On the tenth day, my mom and aunt came in the morning. My aunt brought a baptism gown and the nurse brought my daughter in and I dressed her in the gown. My mom said we were going to take her down the
street and have her baptized. There was a little chapel, a Catholic chapel called Our Lady of Victory. We went back to the maternity home and my mom and my aunt went somewhere.

About an hour later a woman came back and said, “Come with me.” They took me down the hall to this room that was empty except for a rocking chair. Then she came back with my baby and handed her to me and said, “You have an hour to say goodbye.” I put her on my lap and kind of unwrapped her blanket to look at her, and kissed her feet and put her up on my shoulder. I can feel her there. I can still feel her there.
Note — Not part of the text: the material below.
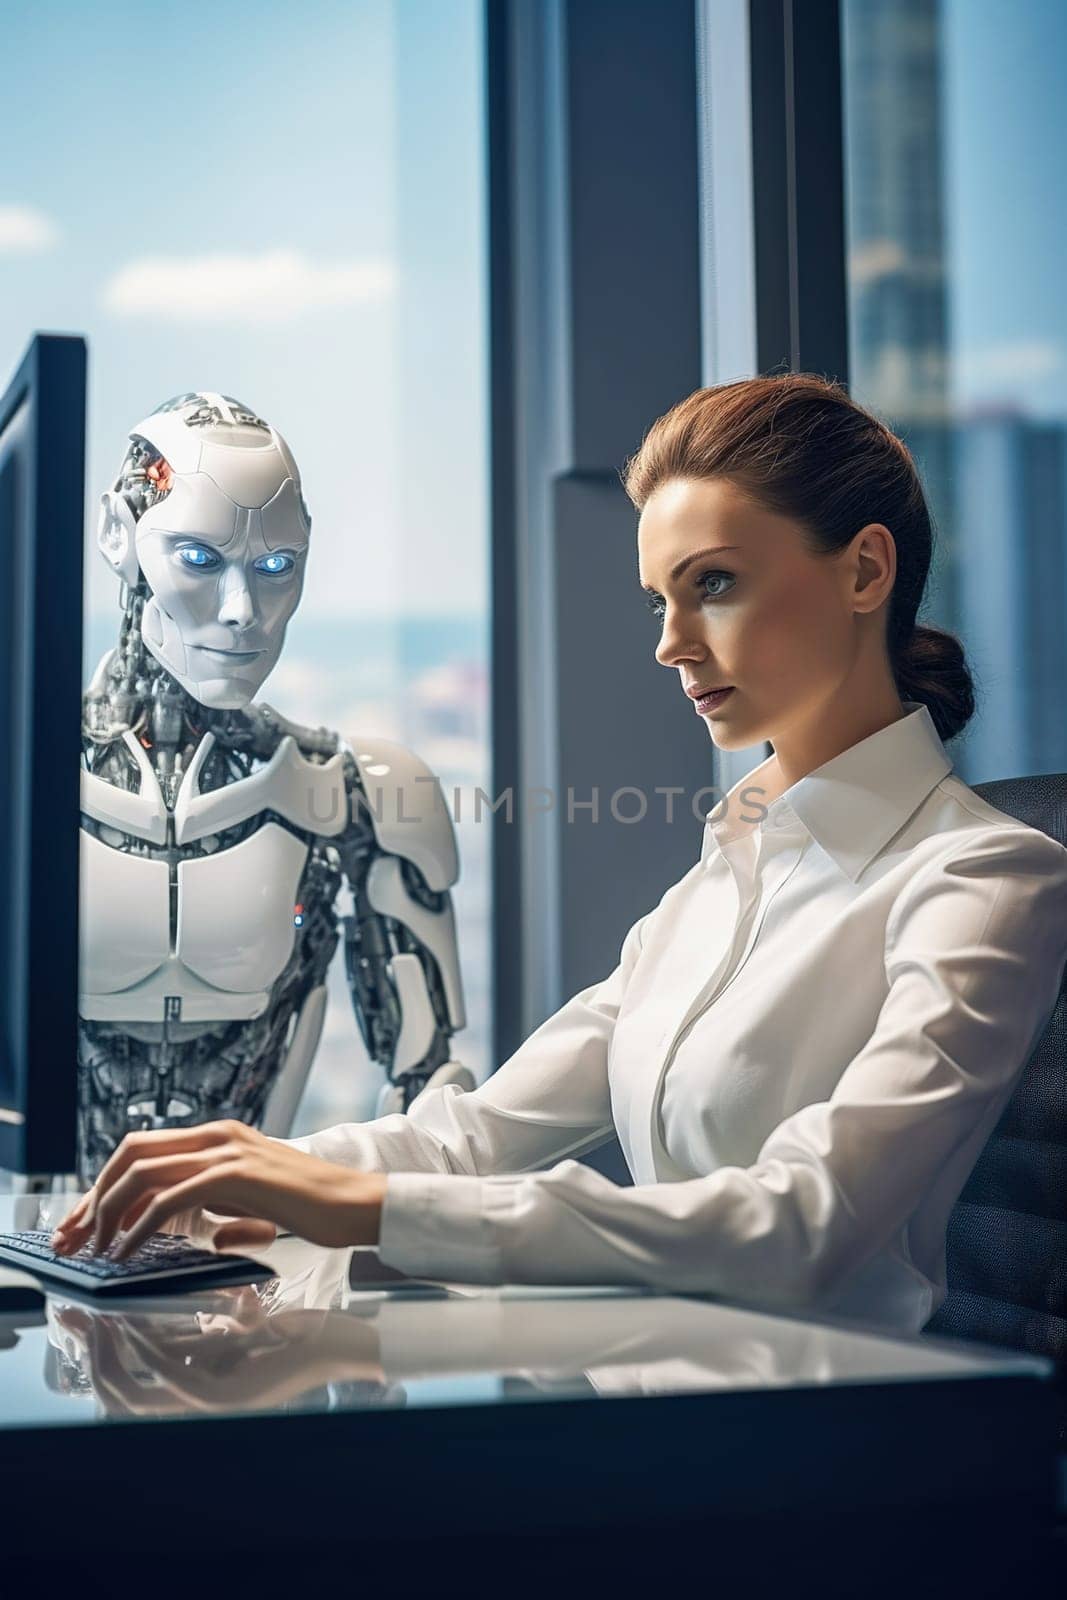 Interview with a futuristic robot in a modern office. The concept of the technical breakthrough of artificial intelligence. by Yurich32
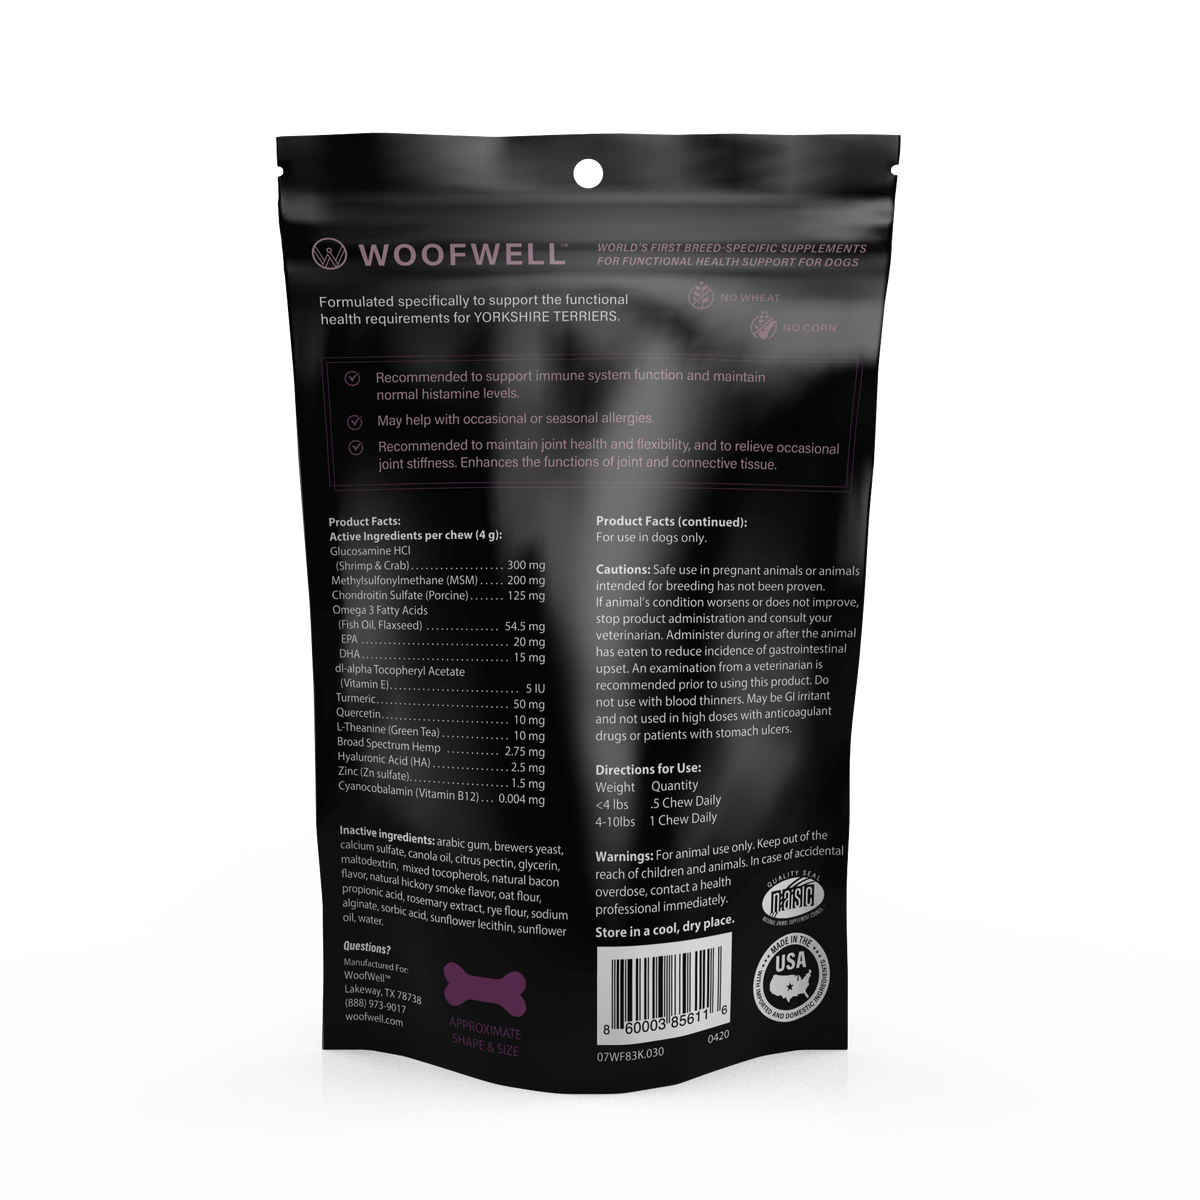 Product Facts for WoofWell Yorkshire Terrier Health Supplements- WoofWell Breed-Specific Health Supplements for dogs

I told her how much I loved her and all about her dad and how much he loved me. I told her that he was a good guy. I told her I hoped she would understand and forgive because I didn’t have any choice. I had to do what they told me to do. I had nowhere to go. I had no one to help me. I just
begged
her to forgive me. And it just seemed like minutes later that woman came back.

I remember thinking, “How often does she do this? How can she do this?” She said, “I have to take her now.” I just sat in there for a long time, rocking and rocking and rocking and rocking. I don’t even know how long I was in there. Then I walked back and packed up my suitcase. The nurse said, “Your mother will be here soon. Go out the front door.” And there was my mom. So I walked down the stairs, got in the car, and drove home.